* [Exercise objective]: Please repeat only the lines below starting at the line that holds "Sendikal Çalışmalar kapsamında" and ending at the line that holds "Impianto elettrico per", exactly, with both of those lines included and every picture omitted.

* [Task data]:
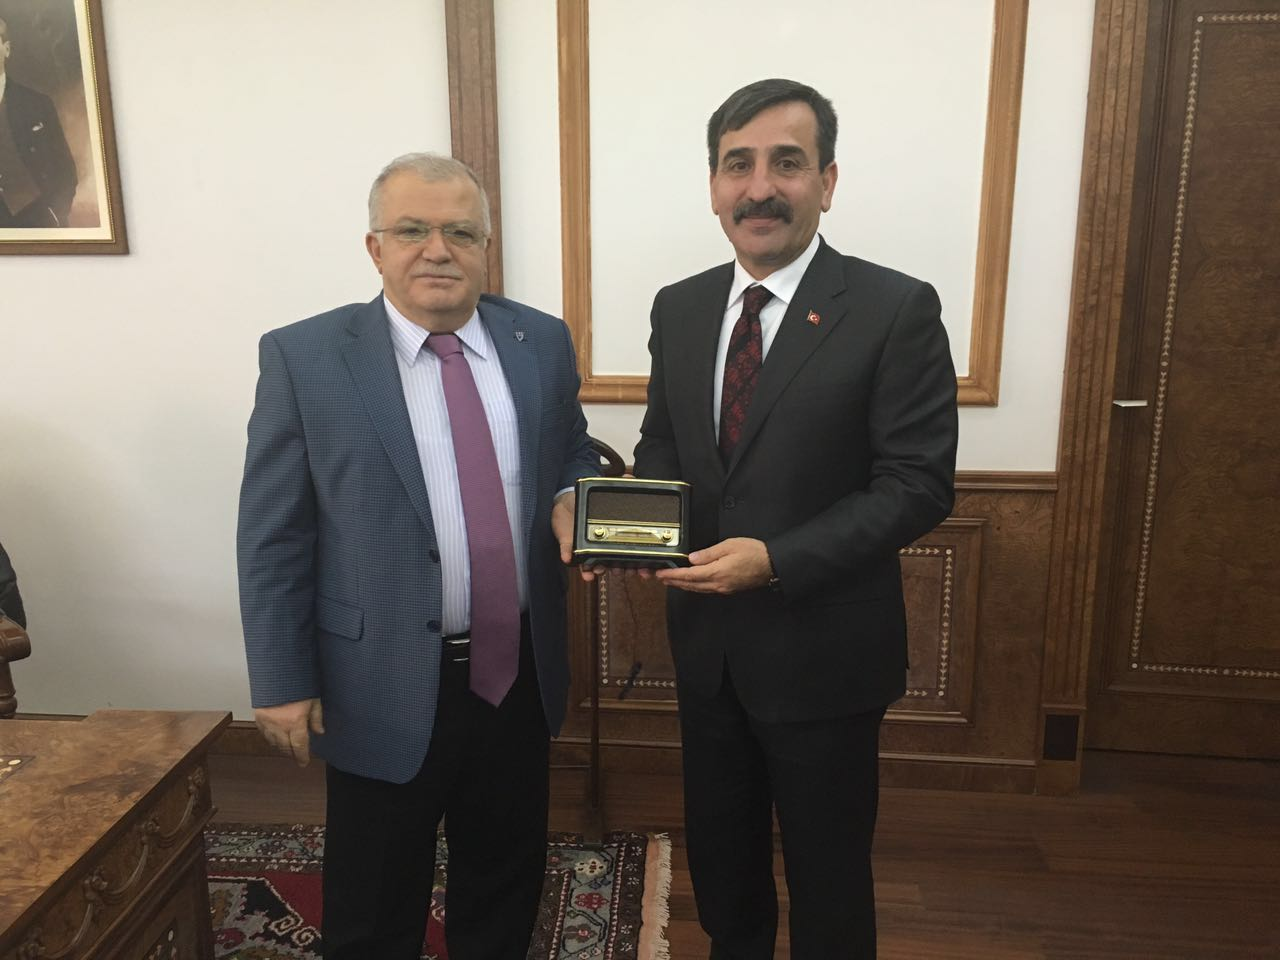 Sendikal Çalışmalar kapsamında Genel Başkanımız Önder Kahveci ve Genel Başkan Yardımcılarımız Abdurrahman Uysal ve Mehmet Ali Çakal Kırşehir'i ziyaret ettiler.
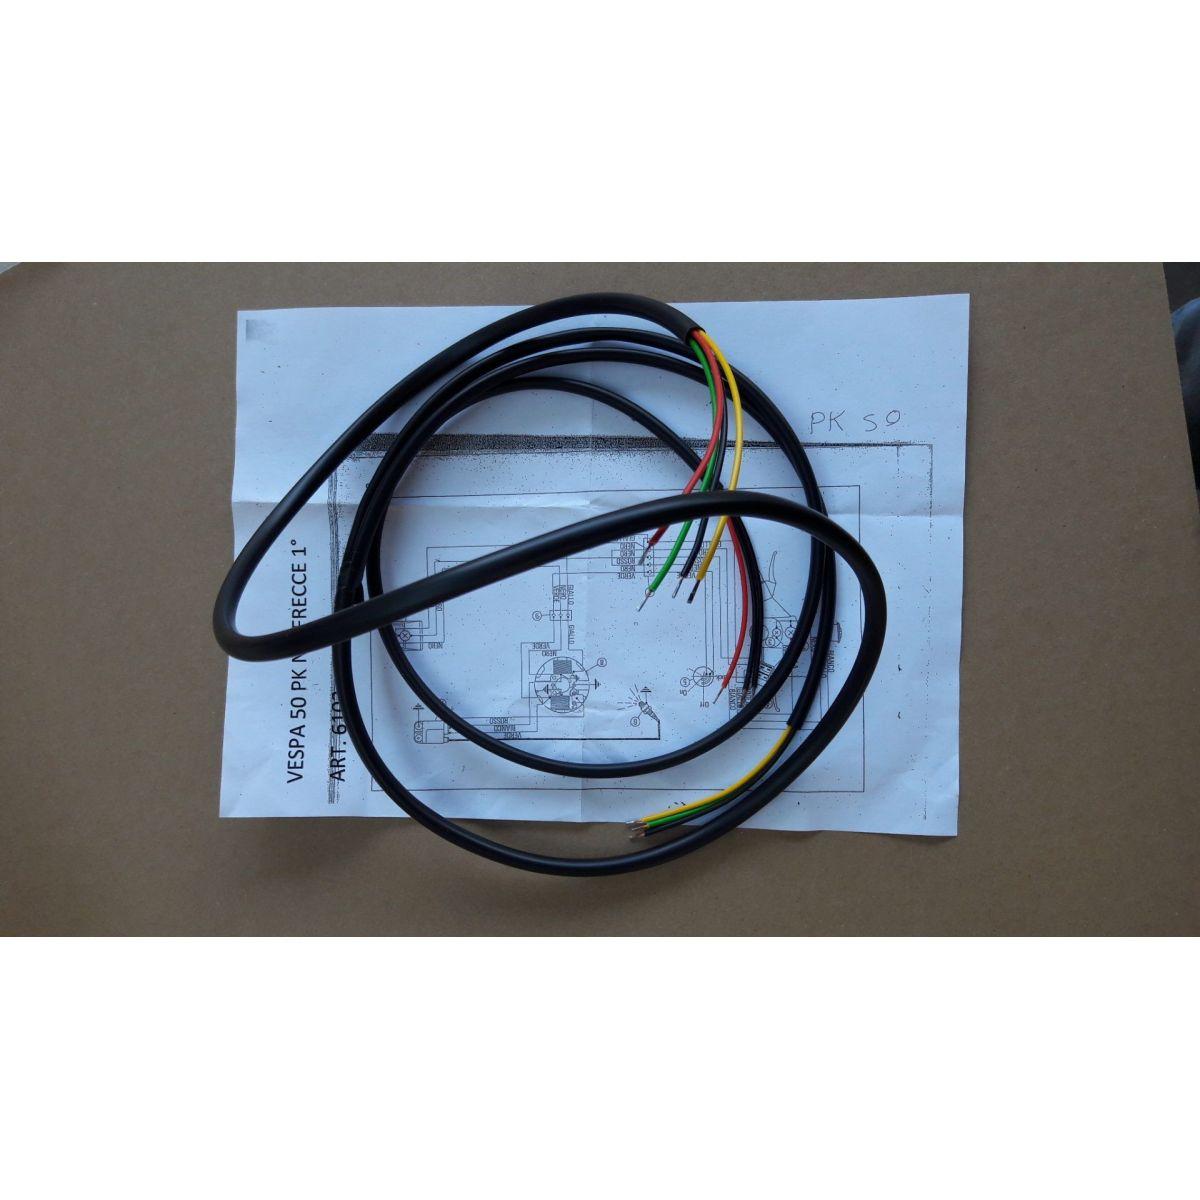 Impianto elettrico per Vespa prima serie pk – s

* * *

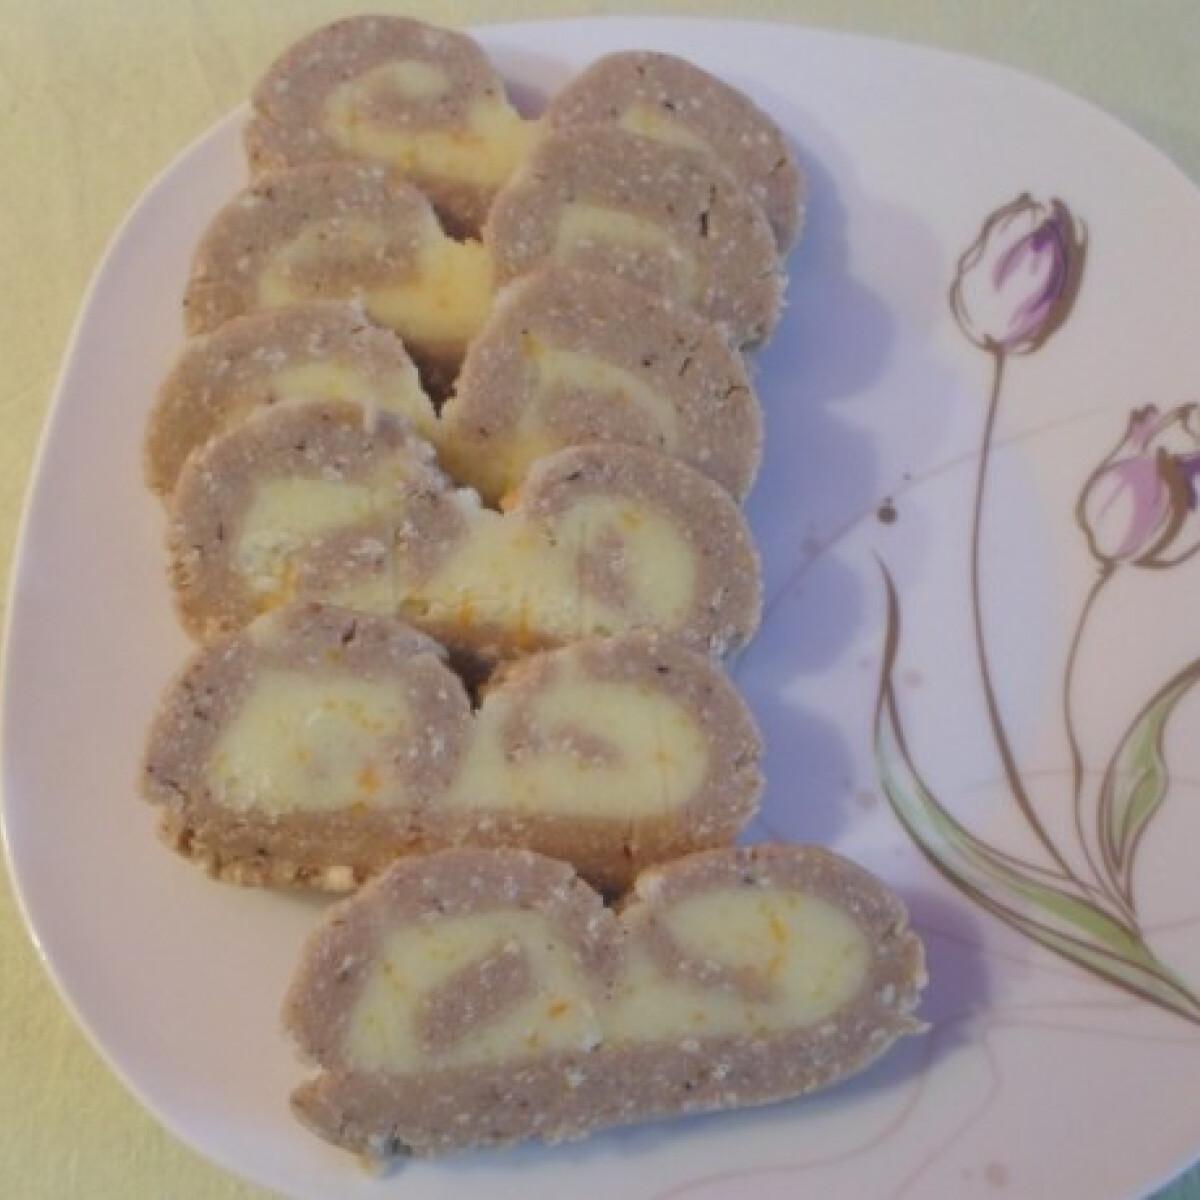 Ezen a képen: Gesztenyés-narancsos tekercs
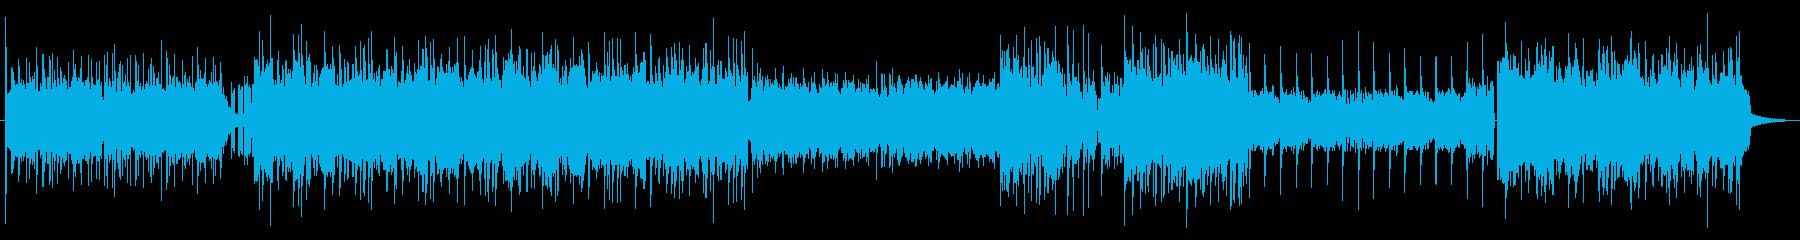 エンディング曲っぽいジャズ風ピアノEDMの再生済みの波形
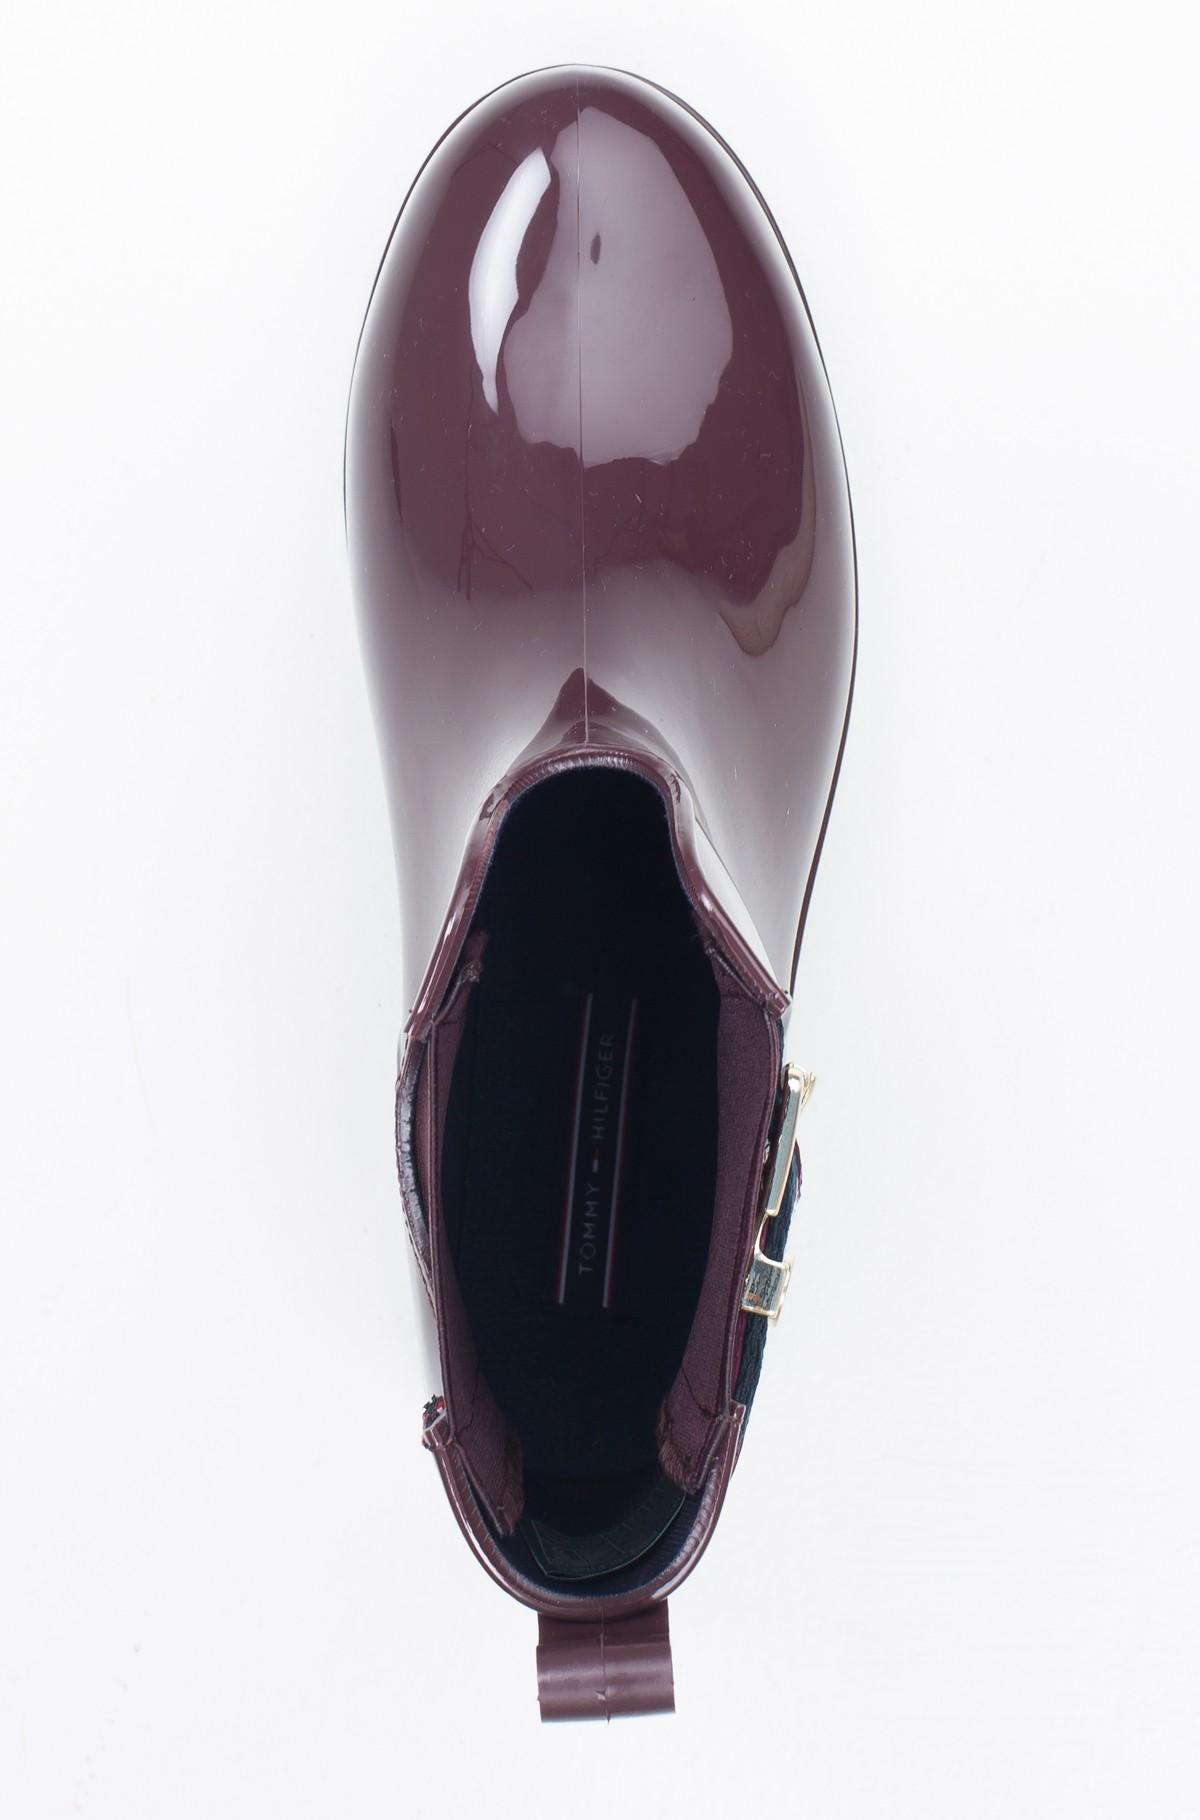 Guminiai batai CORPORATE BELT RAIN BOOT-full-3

* [Solution for this exercise]:
 Sendikal Çalışmalar kapsamında Genel Başkanımız Önder Kahveci ve Genel Başkan Yardımcılarımız Abdurrahman Uysal ve Mehmet Ali Çakal Kırşehir'i ziyaret ettiler.
 Impianto elettrico per Vespa prima serie pk – s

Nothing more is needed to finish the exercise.